Statistics New Zealand's Integrated Data Infrastructure (IDI) combines information from a range of government agencies (such as tax, health and education data) in order to provide the insights government needs to improve social and economic outcomes for New Zealanders. New Zealand has no national population register or unique identifier used in common across these multiple data sources, and probabilistic linkages are a feature of the IDI. A challenge for researchers is to understand the impact of linkage errors and coverage issues present in the linked data, and to develop the rules necessary to define their target population. We outline the statistical infrastructure Statistics New Zealand is developing to help researchers navigate these issues.

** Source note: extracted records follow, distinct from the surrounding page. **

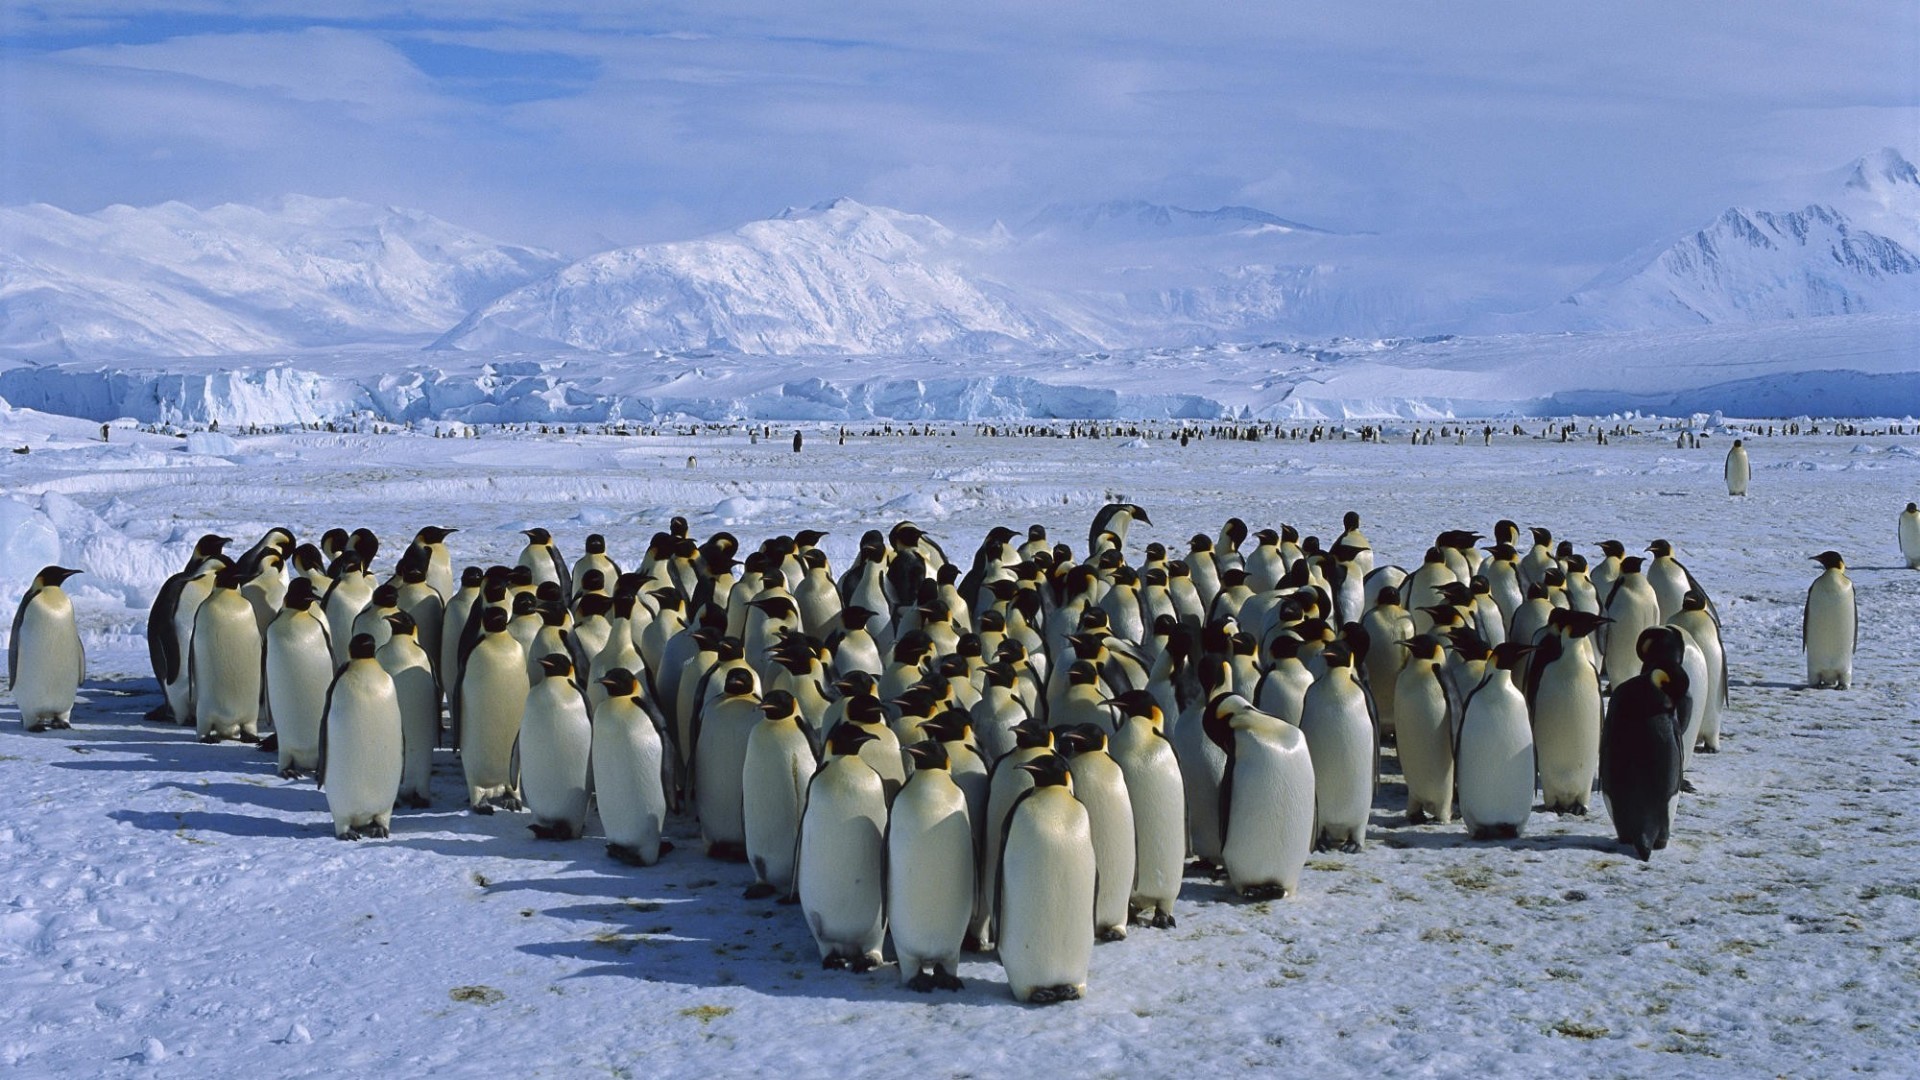 Пингвины в Антарктиде. Колония пингвинов в Антарктиде. Арктика Антарктика Антарктида. Первый мореплаватели увидевшие пингвинов в антарктиде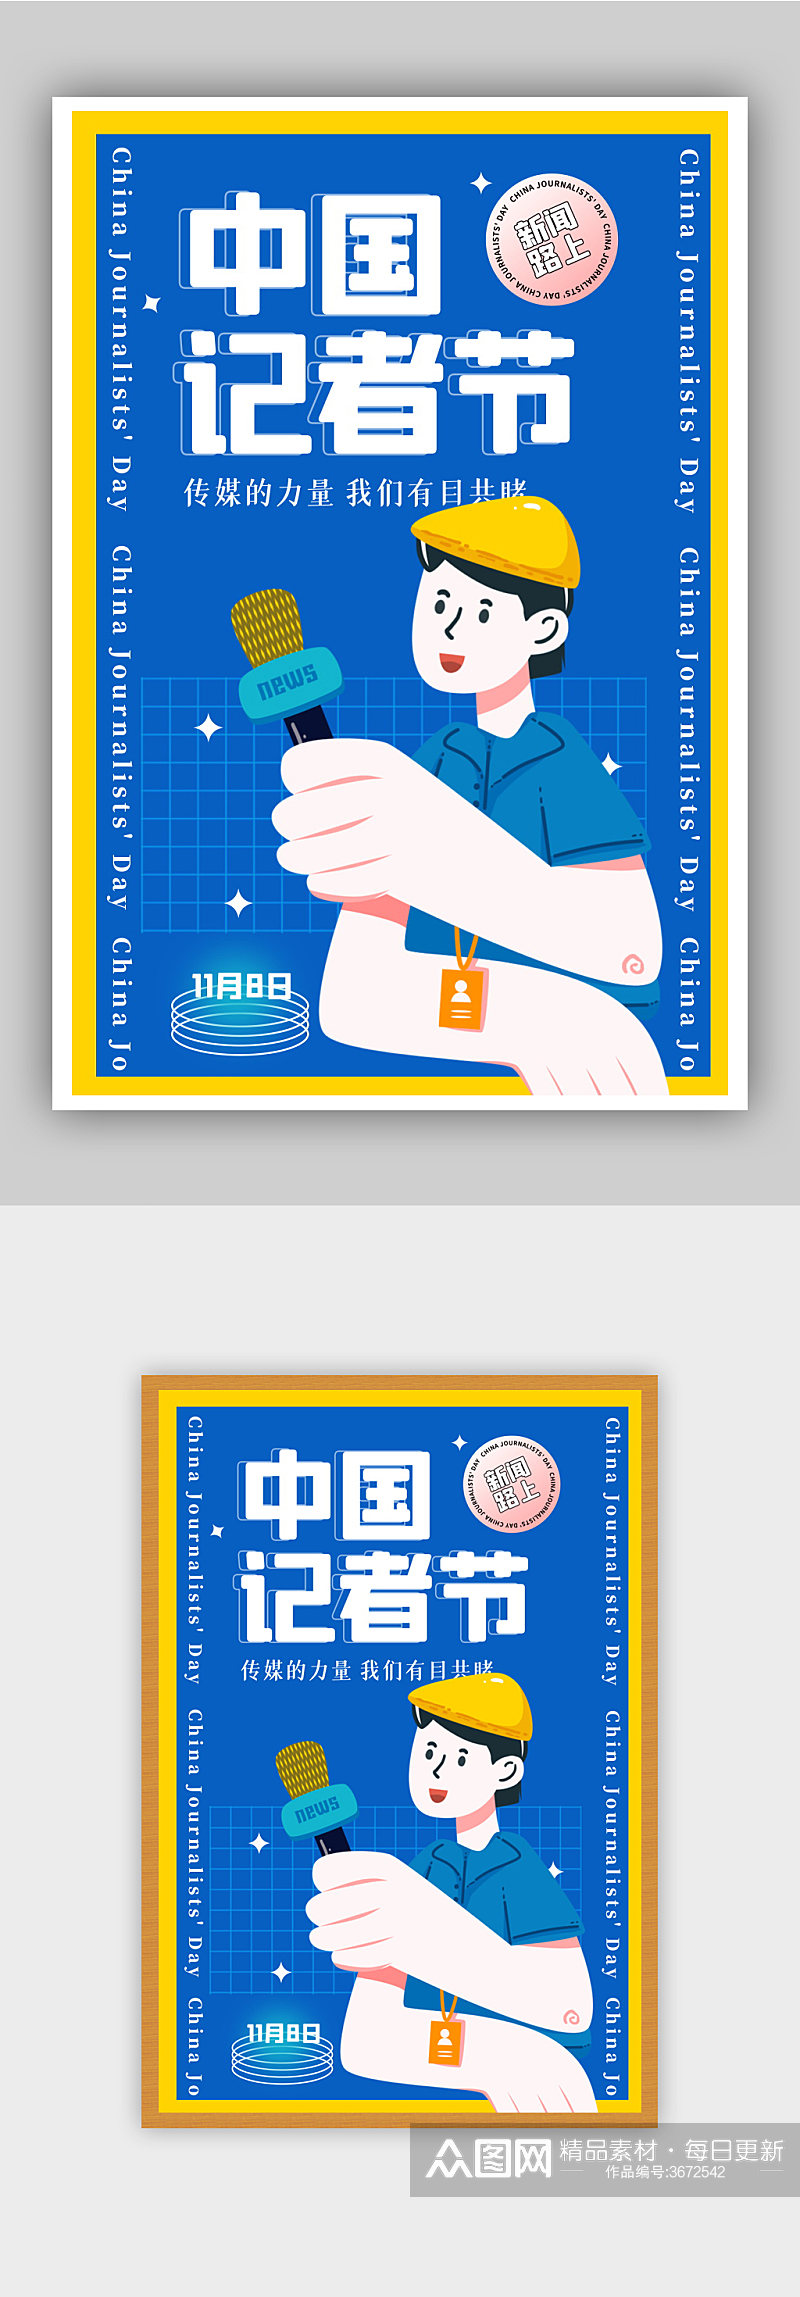 蓝色酸性中国记者节节日海报素材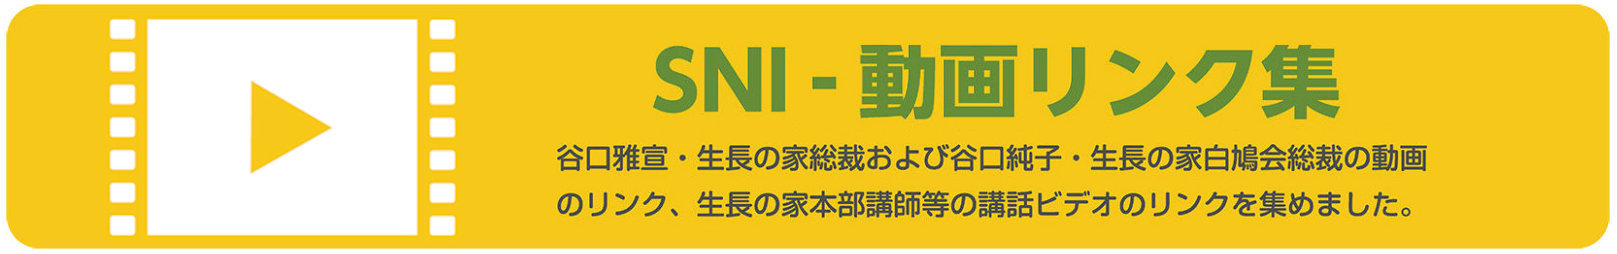 SNI - 動画リンク集　谷口雅宣・生長の家総裁および谷口純子・生長の家白鳩会総裁の動画のリンク、生長の家本部講師等の講話ビデオのリンクを集めました。

A method has been developed to identify NZ residents at a given time from the much larger number of individuals present in the IDI. Census data linked to the IDI offers insight into the coverage of key population groups and the quality of the attribute information held in the IDI (e.g. location and ethnicity). We are assessing ways that Statistics New Zealand could use these findings to assist researchers in forming their population of interest and assess the potential for bias.
The derived administrative resident population is compared with the official population figures and patterns of under- and over-coverage are identified at an aggregate, and individual level. Some coverage discrepancies may be improved through reducing linkage errors. Comparison with census data reveals some significant quality issues with location and ethnicity variables in administrative collections. Work is underway to improve methods for combining information from multiple sources of varying quality.
Identifying NZ residents at a given time, and quantifying errors in administrative data sources will assist researchers ability to recognise and adjust for these errors in their analysis. Simply quantifying (often for the first time) the limitations of administrative sources also provides impetus to improving the collection of these variables at source.